Your goal —
Leave every image behind and restate the data word for word.

(Beginning of Provided data)

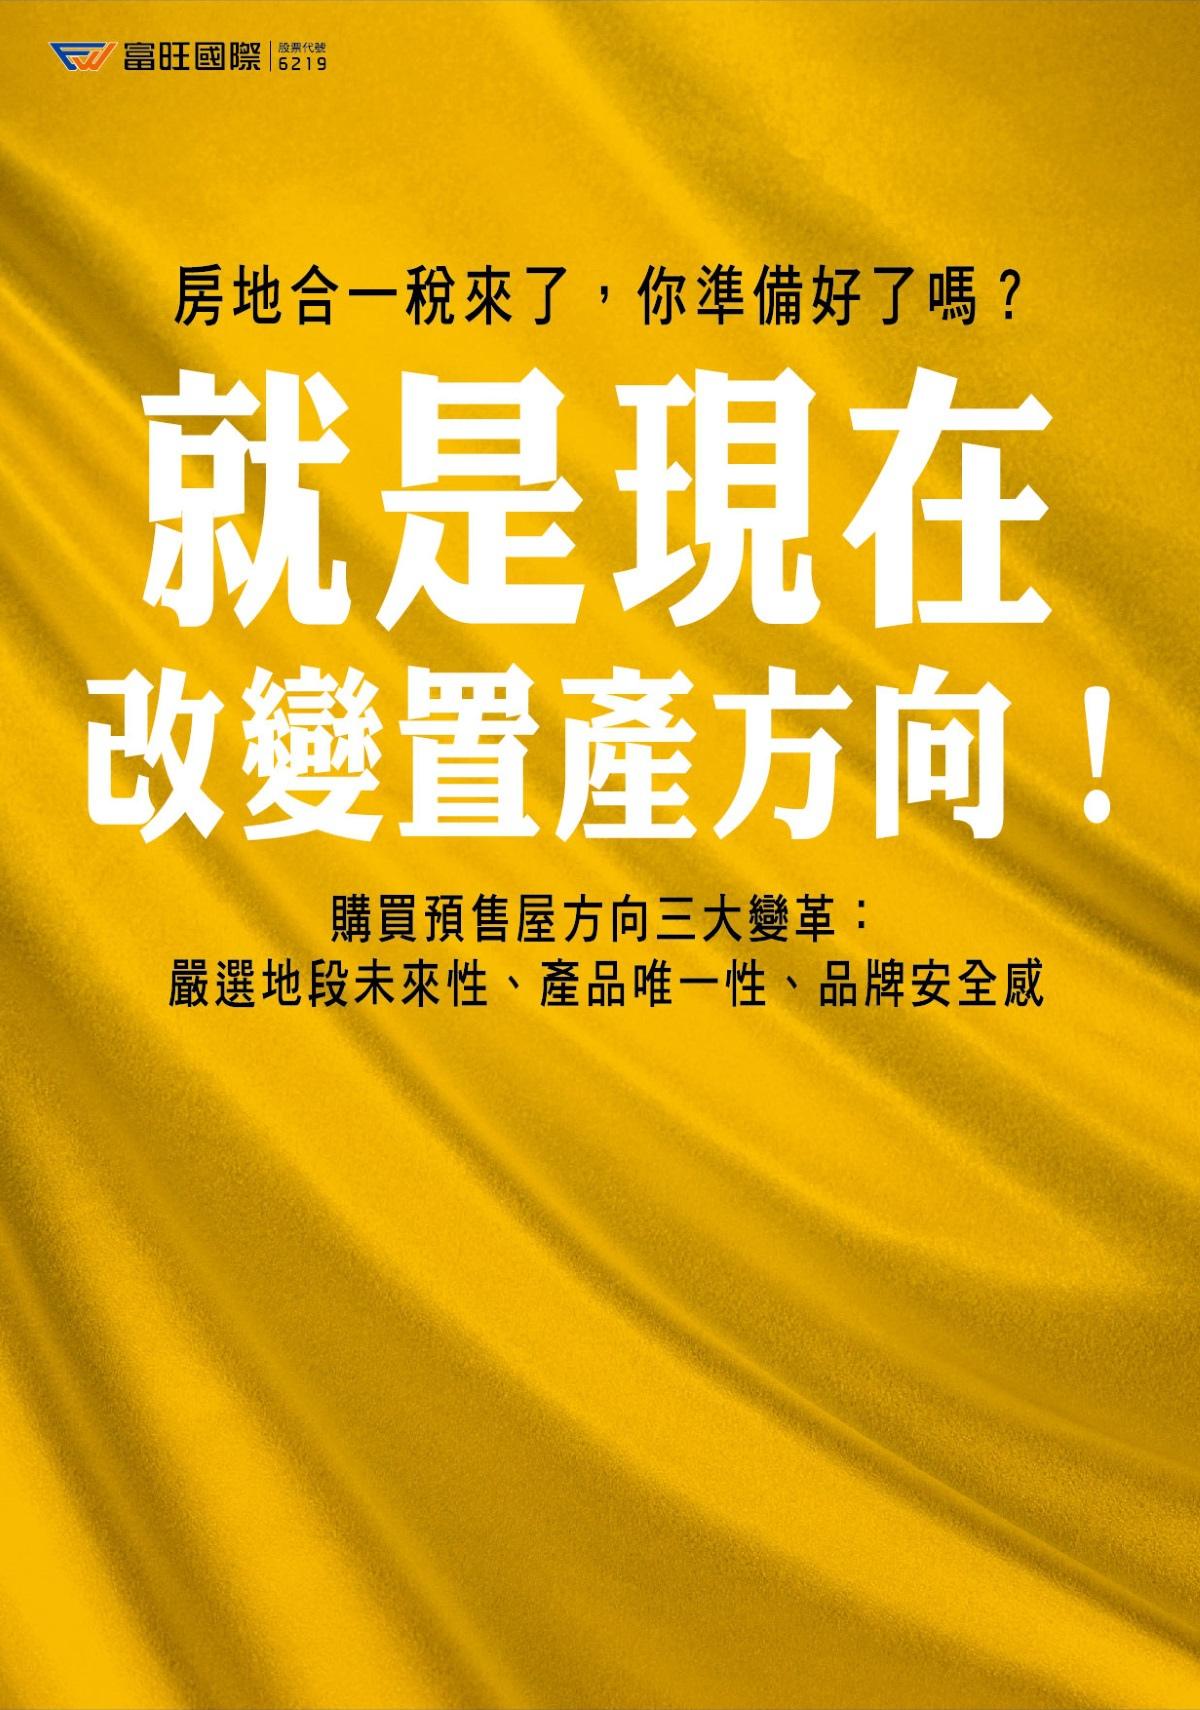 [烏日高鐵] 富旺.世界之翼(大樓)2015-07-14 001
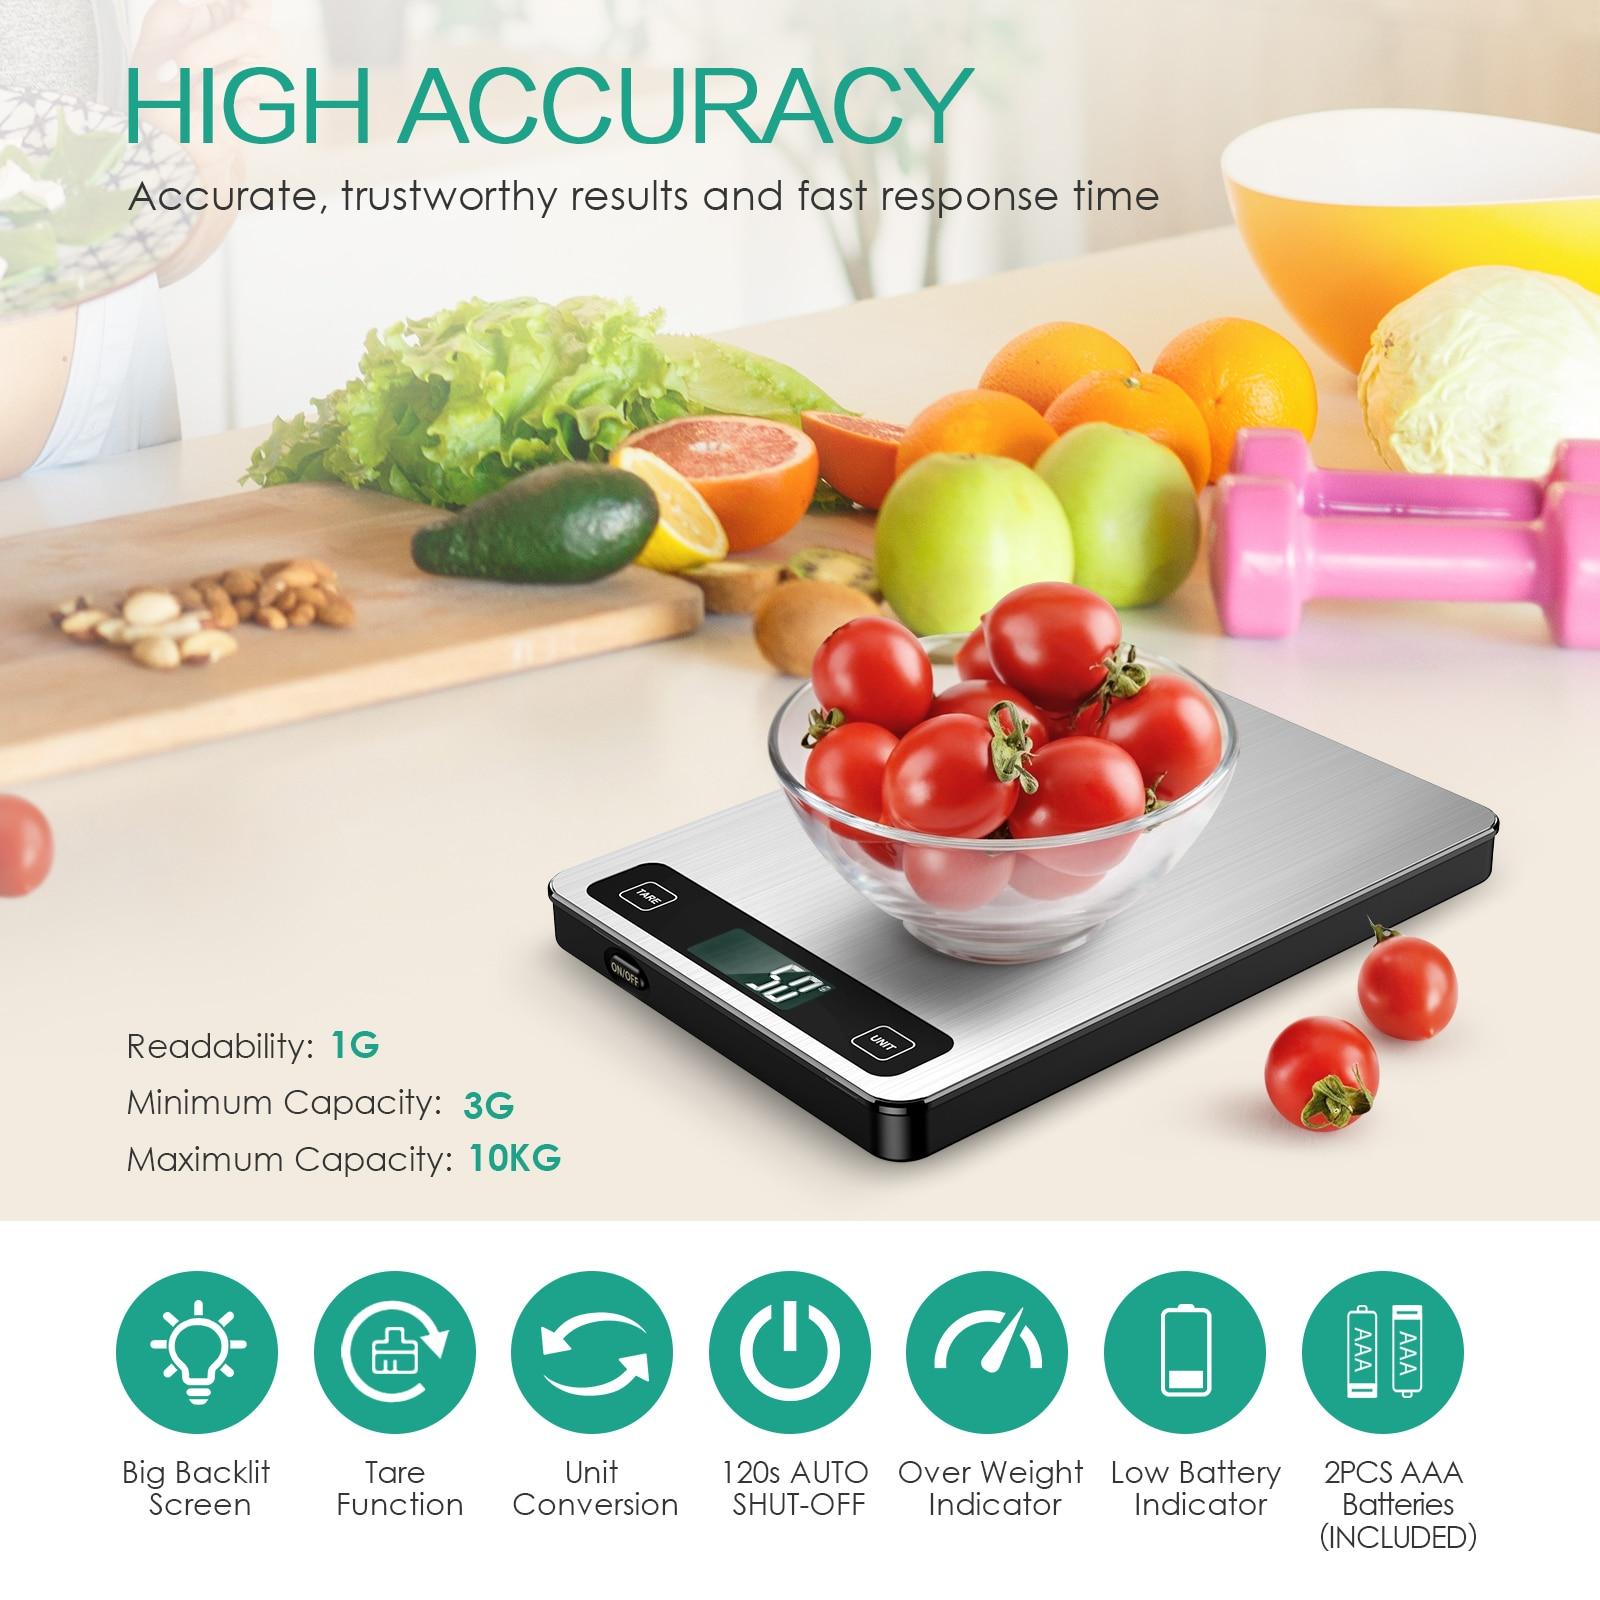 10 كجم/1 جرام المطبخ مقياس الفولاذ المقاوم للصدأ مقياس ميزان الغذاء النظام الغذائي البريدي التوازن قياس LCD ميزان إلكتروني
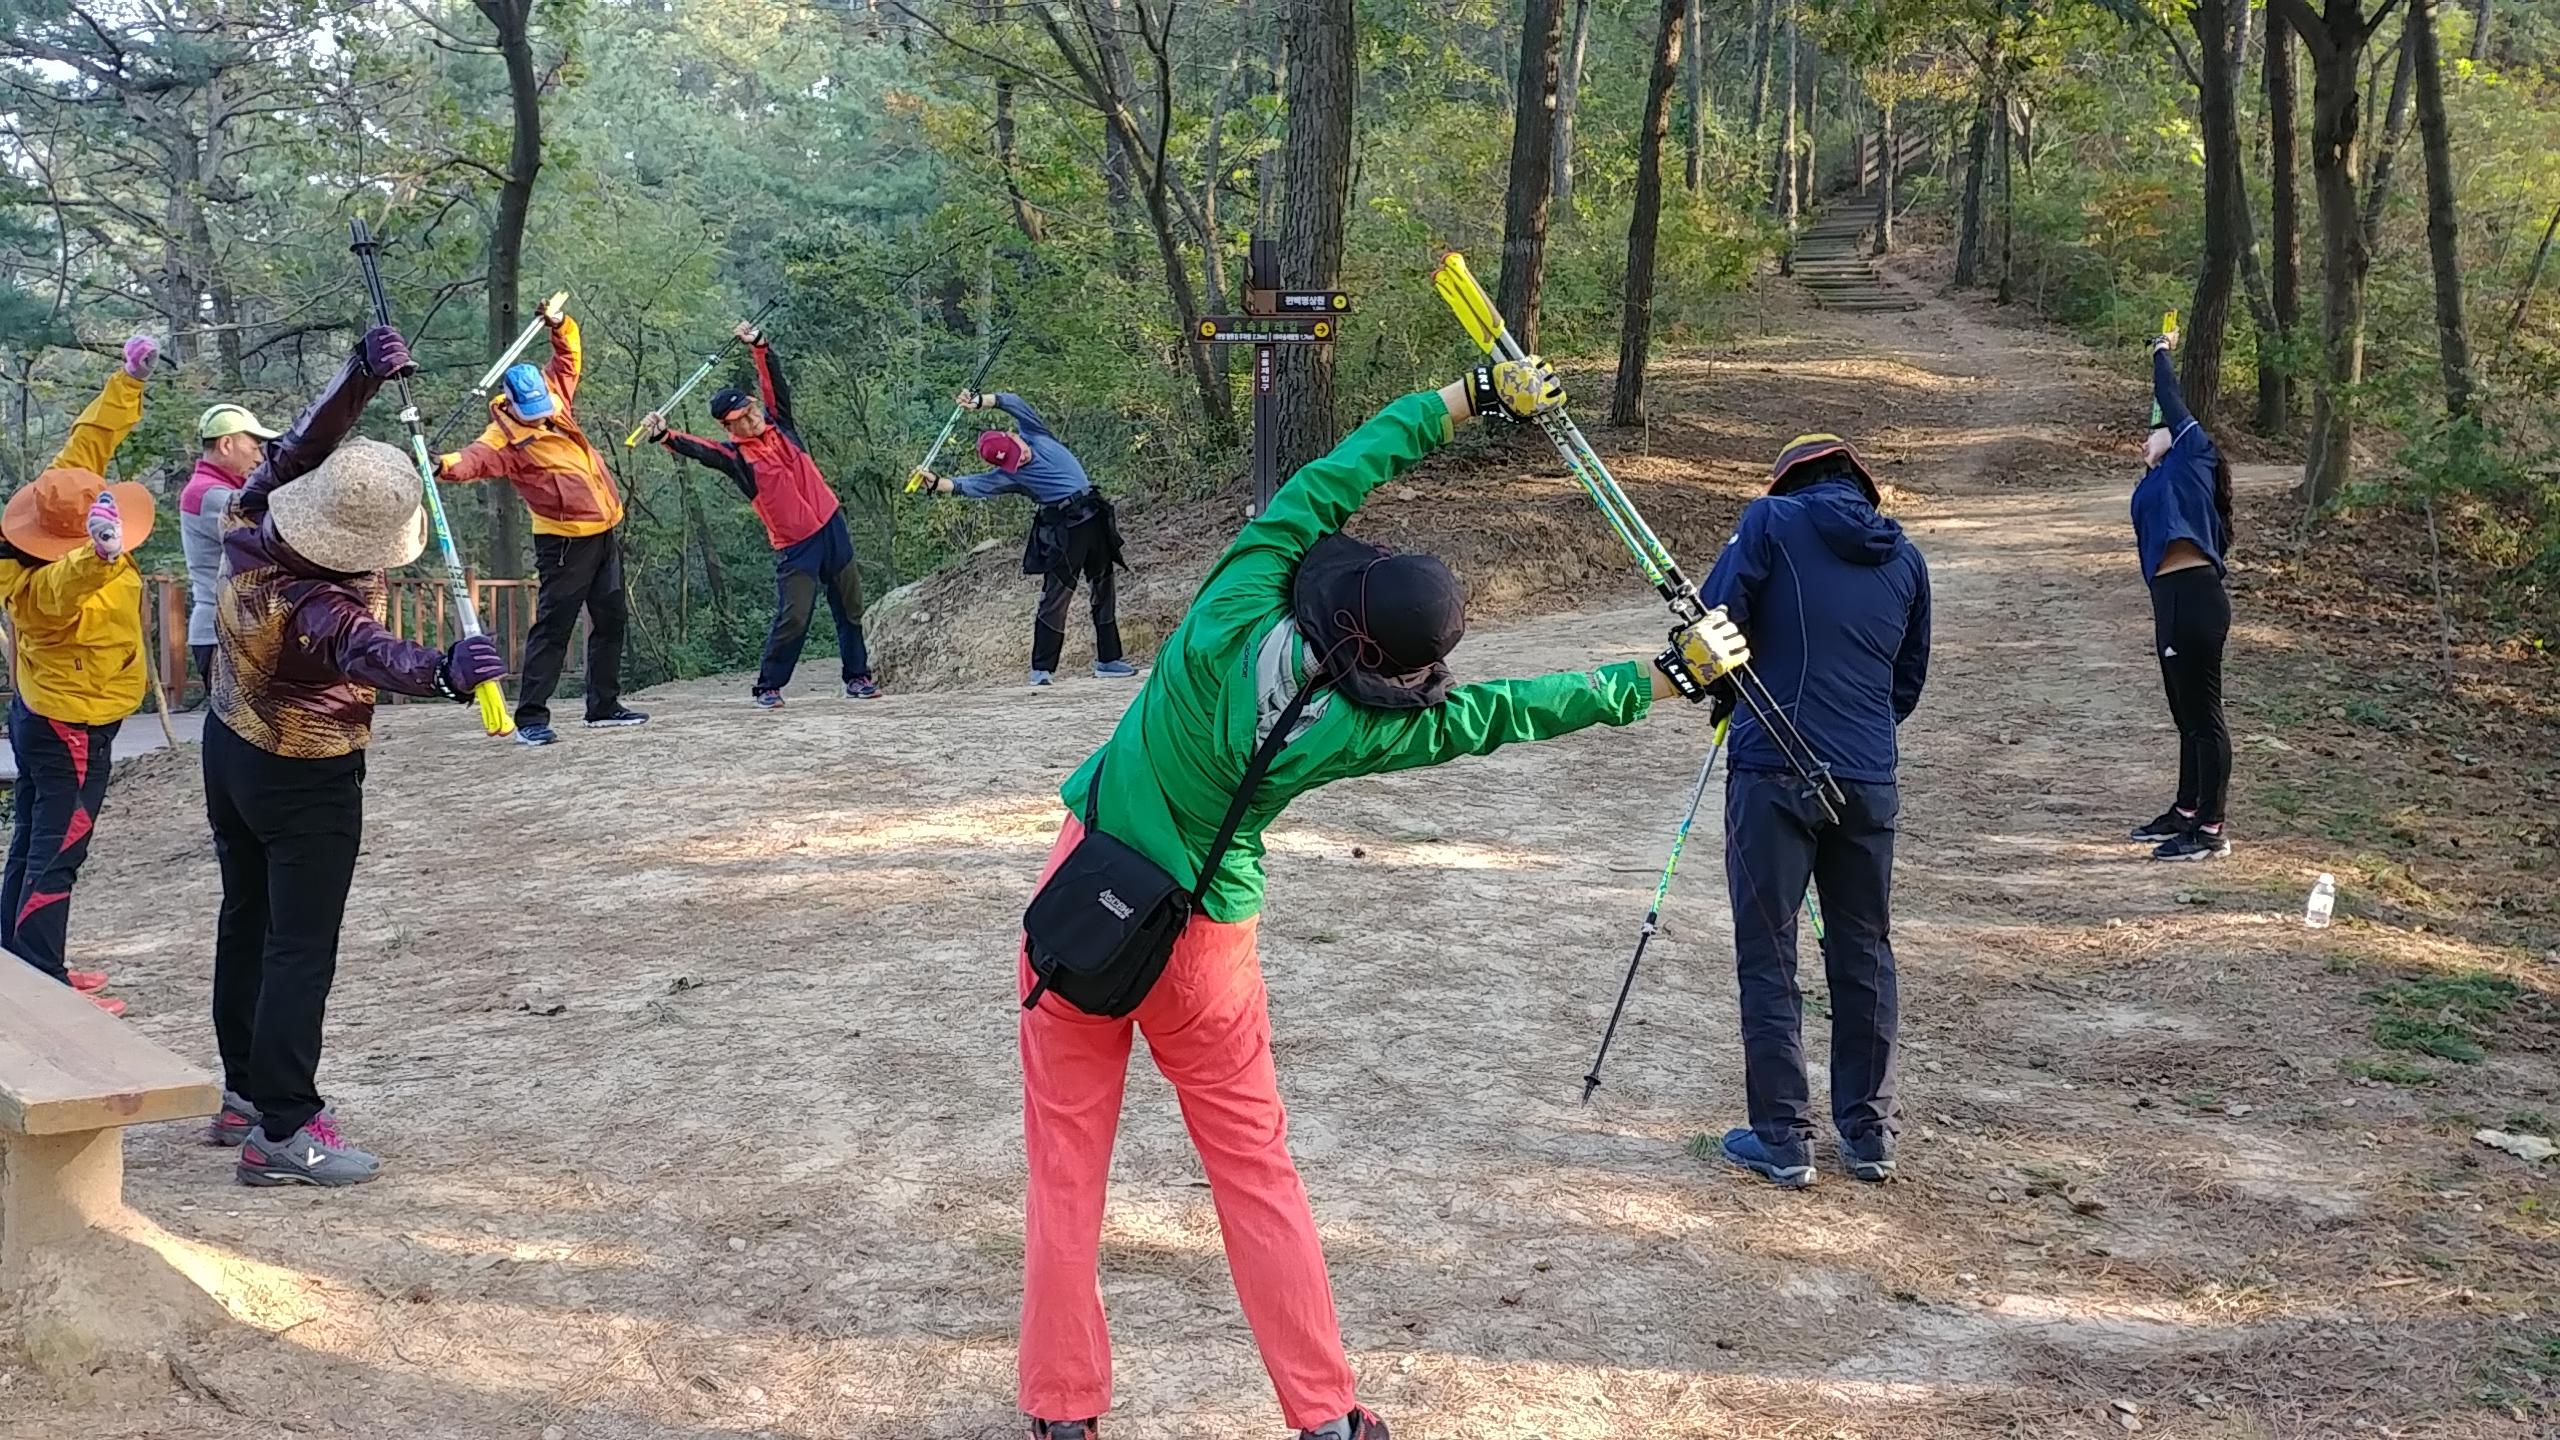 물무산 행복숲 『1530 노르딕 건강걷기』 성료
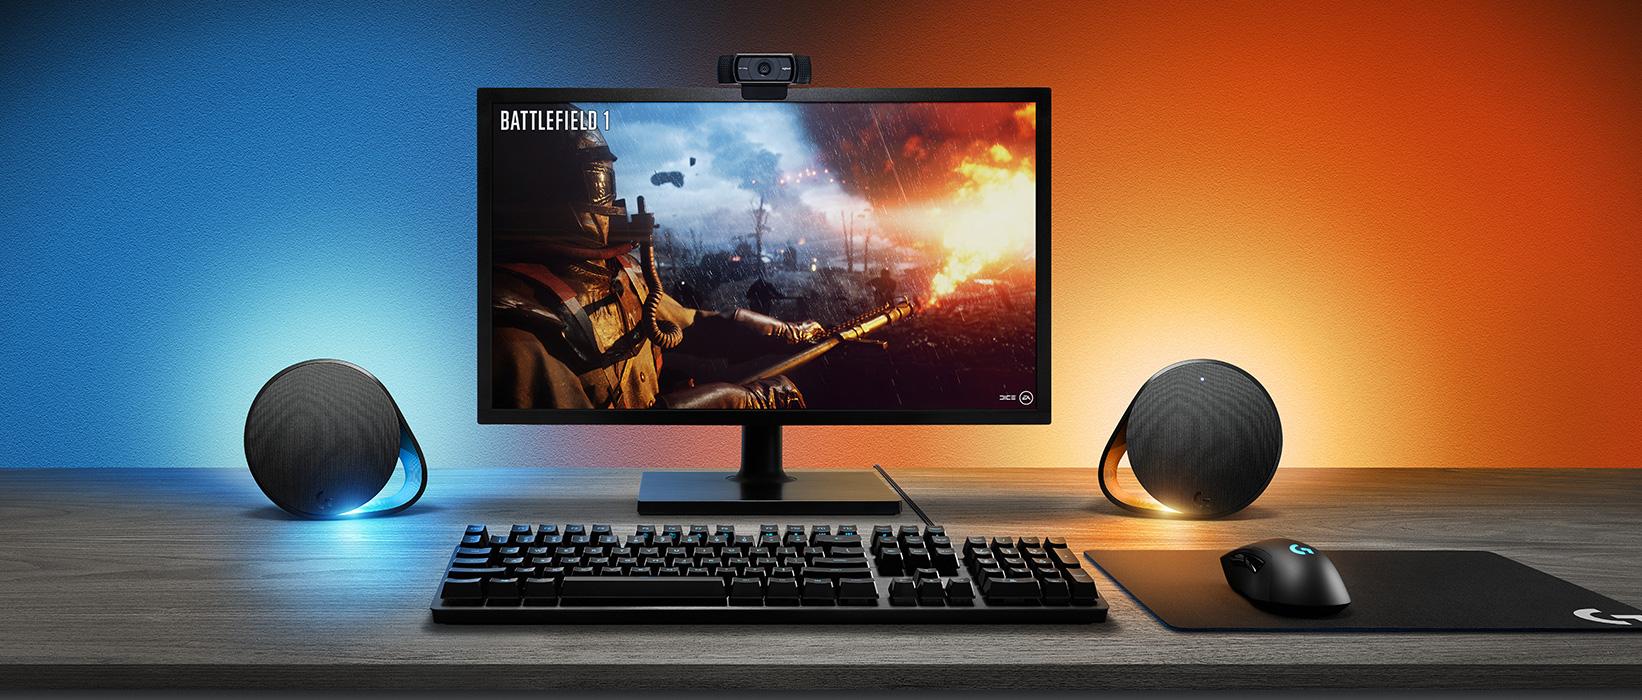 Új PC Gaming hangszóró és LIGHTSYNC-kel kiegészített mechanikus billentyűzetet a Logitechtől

(End of Provided data)

Result for this task —
 [烏日高鐵] 富旺.世界之翼(大樓)2015-07-14 001
 10 كجم/1 جرام المطبخ مقياس الفولاذ المقاوم للصدأ مقياس ميزان الغذاء النظام الغذائي البريدي التوازن قياس LCD ميزان إلكتروني
 물무산 행복숲 『1530 노르딕 건강걷기』 성료
 Új PC Gaming hangszóró és LIGHTSYNC-kel kiegészített mechanikus billentyűzetet a Logitechtől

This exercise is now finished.